[Given material Boundary: Start]
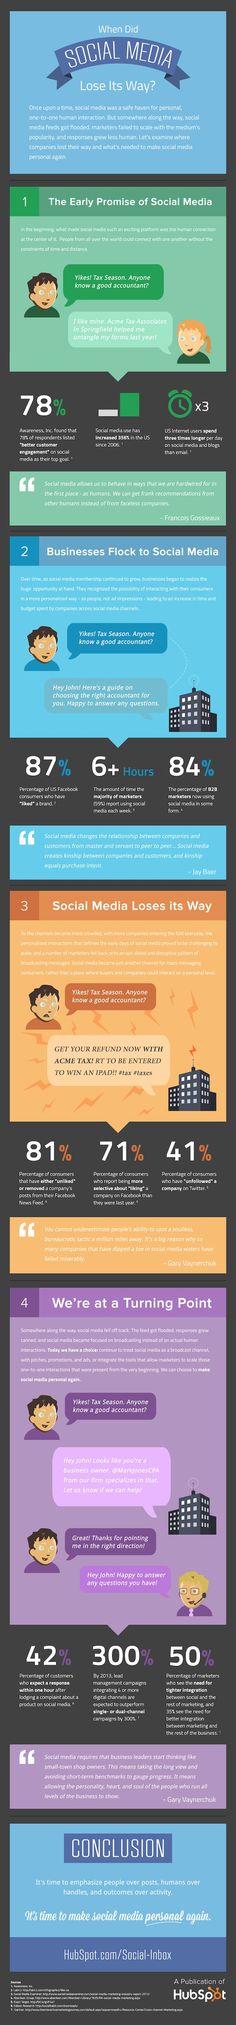 Social media lose its way?
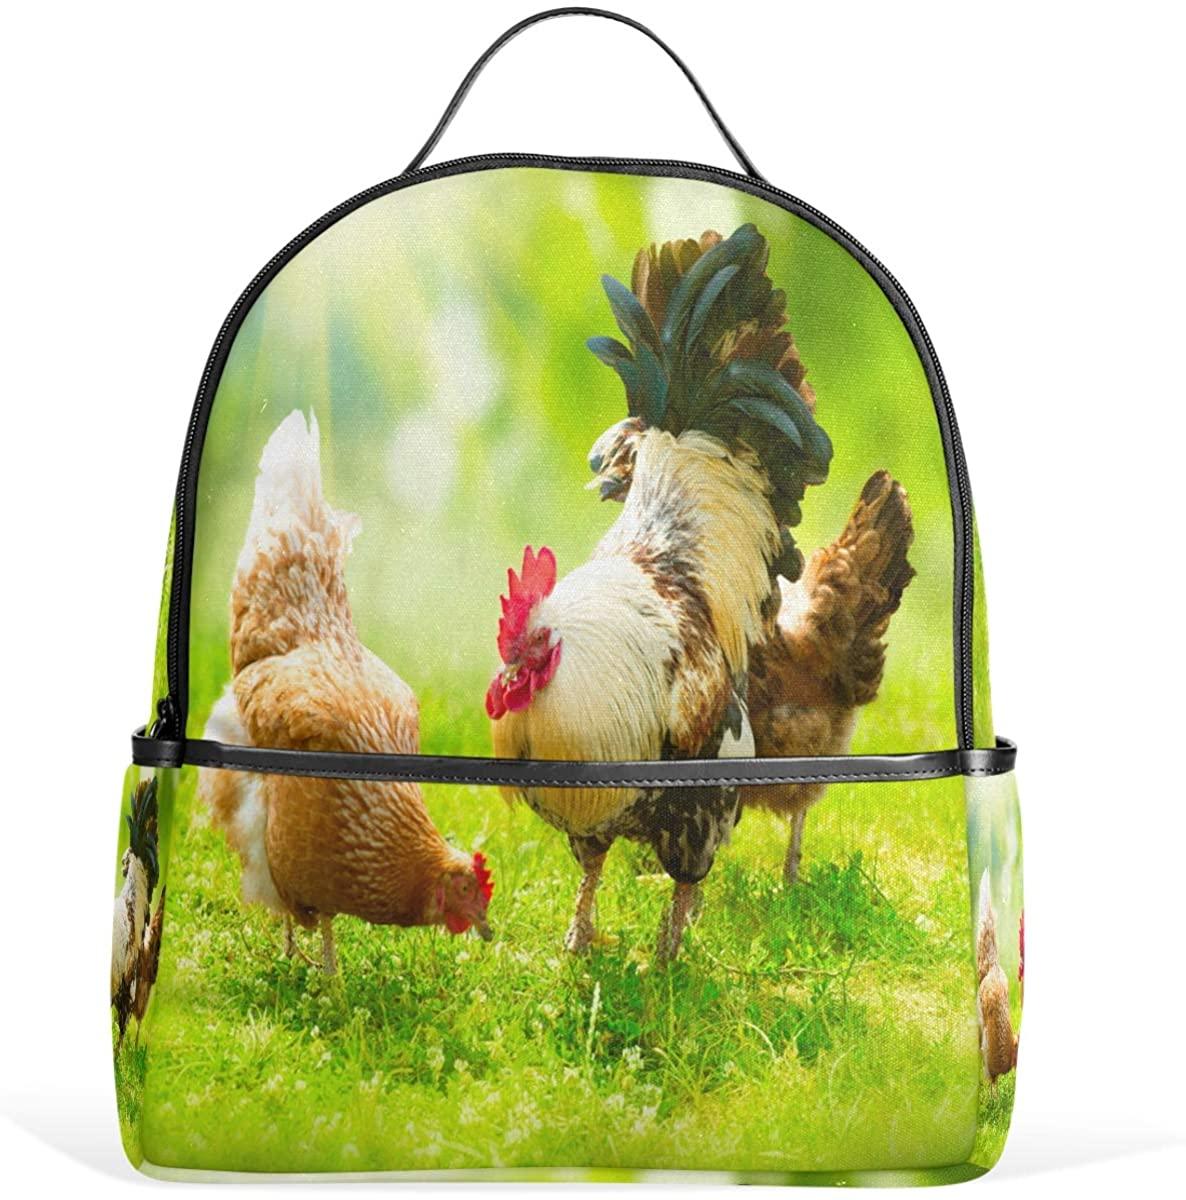 Olinyou Rooster Hens Farm Green Grass Cock Backpack School Book Bag Daypacks Shoulder Bags Rucksack for Boys Girls Students
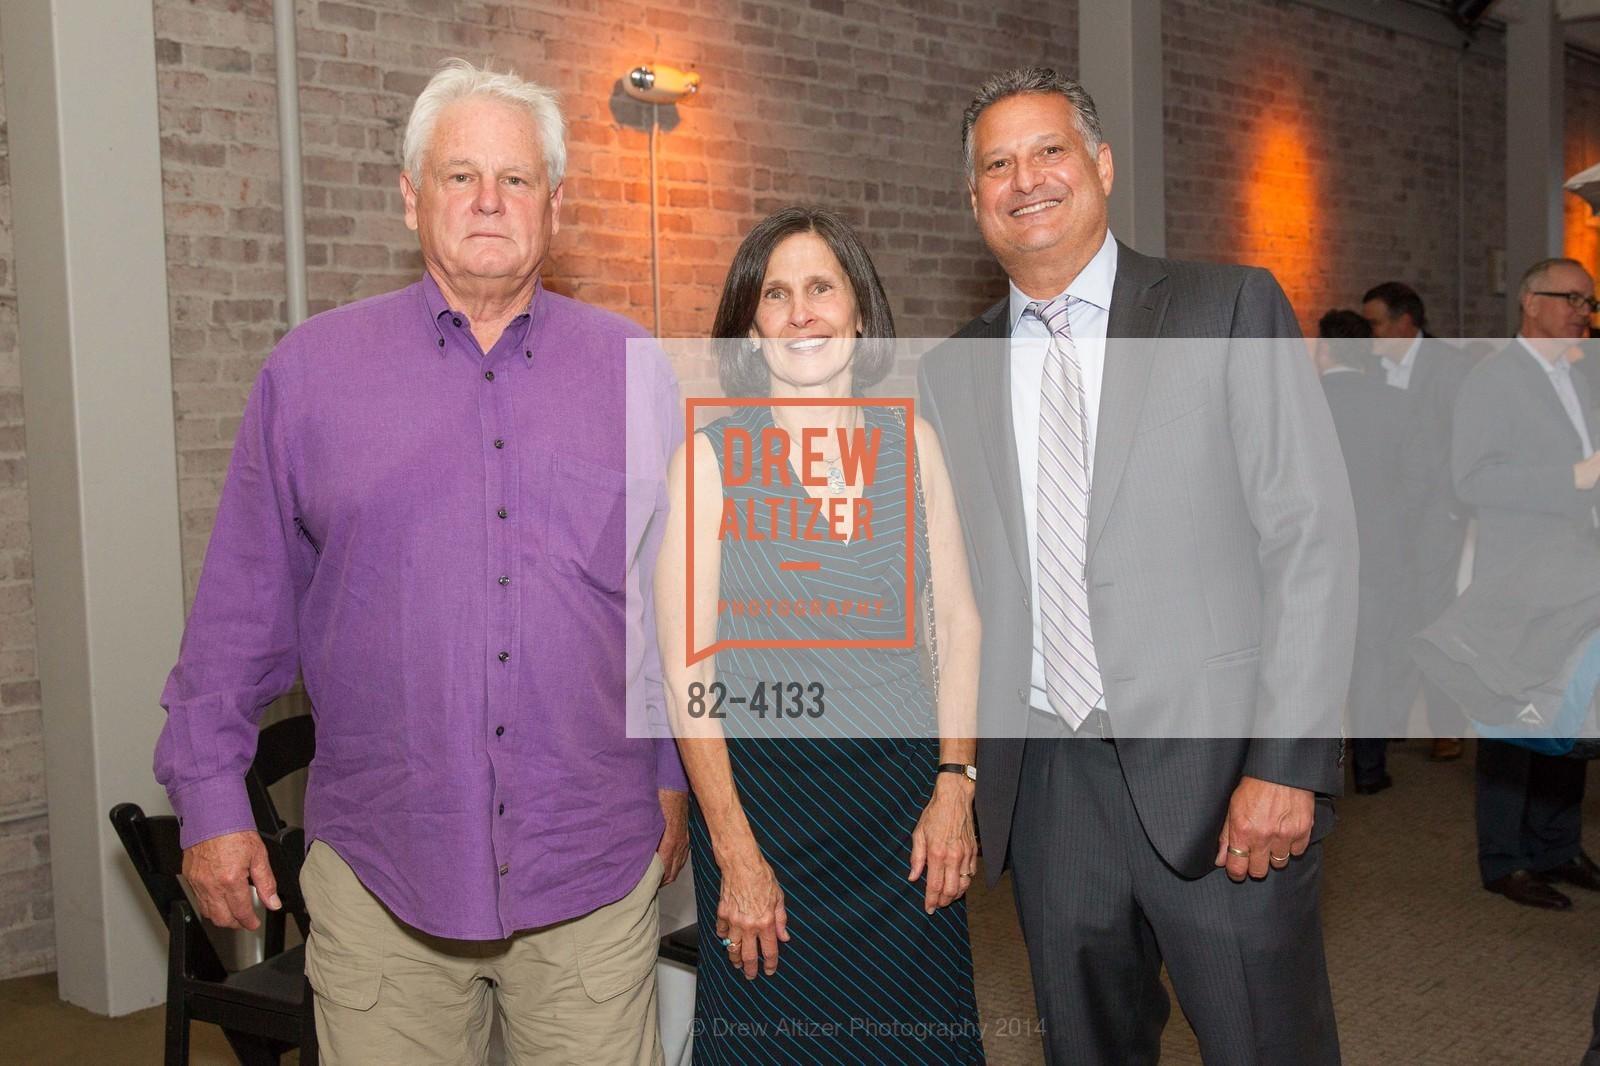 Jim Cochran, Carol Drace, Drew Goodman, Photo #82-4133
[Given material Boundary: End]
**What to work on**: Print each line from the one containing "Olinyou Rooster Hens" through the last line of the listing, both included, exactly and with no pictures.

**Exercise output**:
 Olinyou Rooster Hens Farm Green Grass Cock Backpack School Book Bag Daypacks Shoulder Bags Rucksack for Boys Girls Students
 Jim Cochran, Carol Drace, Drew Goodman, Photo #82-4133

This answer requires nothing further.